Traumatic brain injury in veterans—differences from civilians may affect long-term care
Veterans with traumatic brain injury (TBI) differ from civilians with TBI in some key ways—with potentially important implications for long-term care and support of injured service members and their families. New research from the Veterans Administration TBI Model System is assembled in the July/August special issue of the Journal of Head Trauma Rehabilitation (JHTR).
"The VA TBI Model System is uniquely positioned to inform policy about the health, mental health, socioeconomic, rehabilitation, and caregiver needs following TBI," write Guest Editors Risa Nakase-Richardson, PhD, of James A. Haley Veterans' Hospital, Tampa, Fla., and Lillian Stevens, PhD, of Hunter Holmes McGuire Veterans Affairs Medical Center, Richmond, Va.
The special issue presents initial reports from a Department of Veterans Affairs (VA)-specific database of patients representing all traumatic brain injury (TBI) severity levels. The findings will play a critical role in VA's efforts to meet the long-term needs of veterans with TBI.
VA TBI Model System Will Guide Care for Veterans and Families Affected by TBI
The initial TBI Model System was developed by the National Institute on Disability and Rehabilitation Research— now the National Institute on Disability, Independent Living, and Rehabilitation Research (NIDILRR)-in 1987. Over the years, 16 civilian hospitals have contributed data on the course of recovery and outcomes for more than 16,000 patients who received inpatient rehabilitation after TBI.
The VA TBI Model System, created in response to a Congressional mandate, collects similar data on rehabilitation outcomes of military TBI. Since 2010, over 1,000 patients with TBI hospitalized at five regional VA Polytrauma Rehabilitation Centers have been added to the database. The five premiere VA Polytrauma Rehabilitation Centers offer inpatient rehabilitation with specialized capacity to treat the more severely injured veterans and active duty service members.
Dr. Nakase-Richardson is the lead author of a study comparing the characteristics of 550 patients from the VA TBI Model System versus 5,270 patients from the original NIDILRR system. The results suggested that military and civilian cases of TBI differ in most characteristics/outcomes compared. For example, the data showed that violent causes of TBI were more common in the VA group, while falls were more common in civilian cases. Most violence-related TBI cases in veterans were related to deployment.
At least 13 percent of the civilian TBI patients had previously served in the military. Dr. Nakase-Richardson and co-authors highlight the need for a complementary sample to broaden research findings to veterans and service members who seek primarily civilian health care.
The differences between databases make it difficult to directly compare outcomes between the military and civilian TBI groups.
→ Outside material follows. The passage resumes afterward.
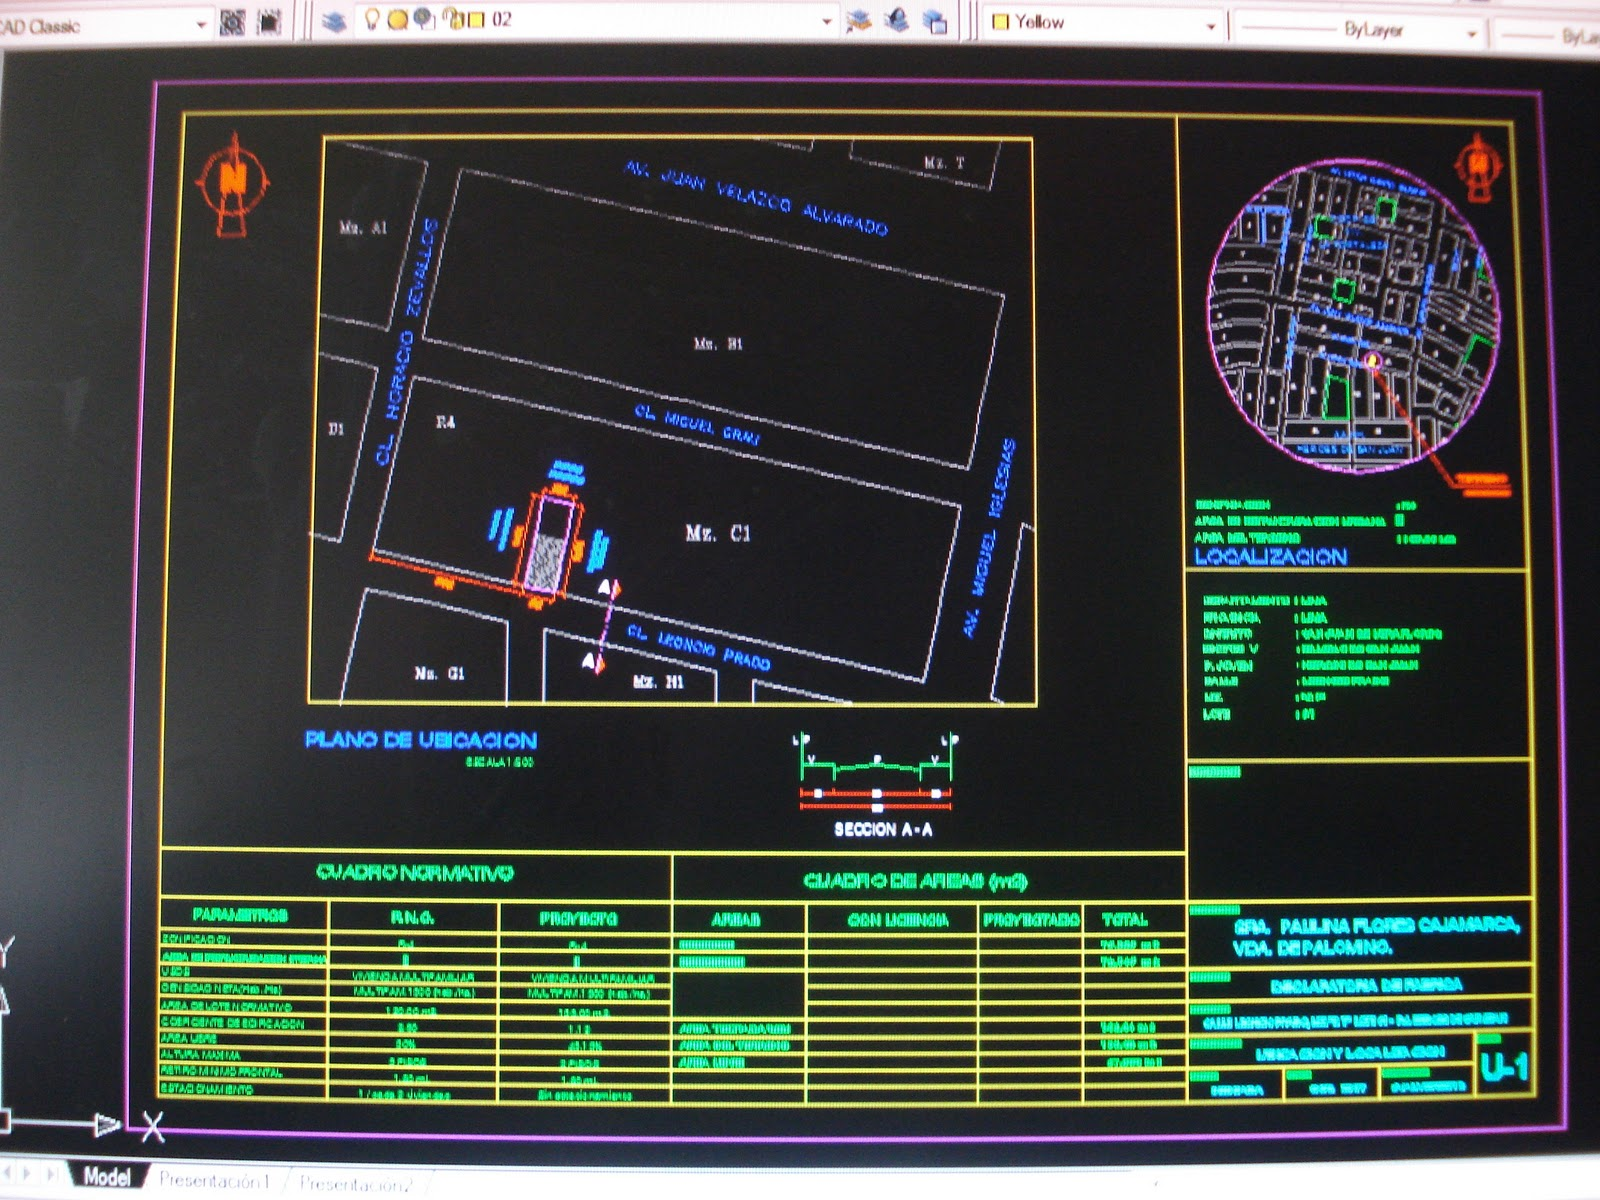 Arquitectura proyectos 3d planos de arquitectura e for Planos de arquitectura

The researchers emphasize the need for further studies to clarify the differences and their implications for treatment and outcomes.
Other topics in the special issue include the critical long-term impact on families and caregivers; and new insights for promoting health, quality of life, and community re-entry (i.e., employment) for veterans and service members with TBI.
These and future studies will have a major impact on VA's efforts to plan for ongoing care and support for the large numbers of veterans and families affected by TBI, according to Joel Scholten, MD, Director of Physical Medicine and Rehabilitation at the Veterans Health Administration.
"Participation in the TBI Model System allows VA to continue to define the unique needs of Veterans following TBI and translate these findings into policy, essentially creating a model of continuous quality improvement for TBI rehabilitation within VA," said Scholten.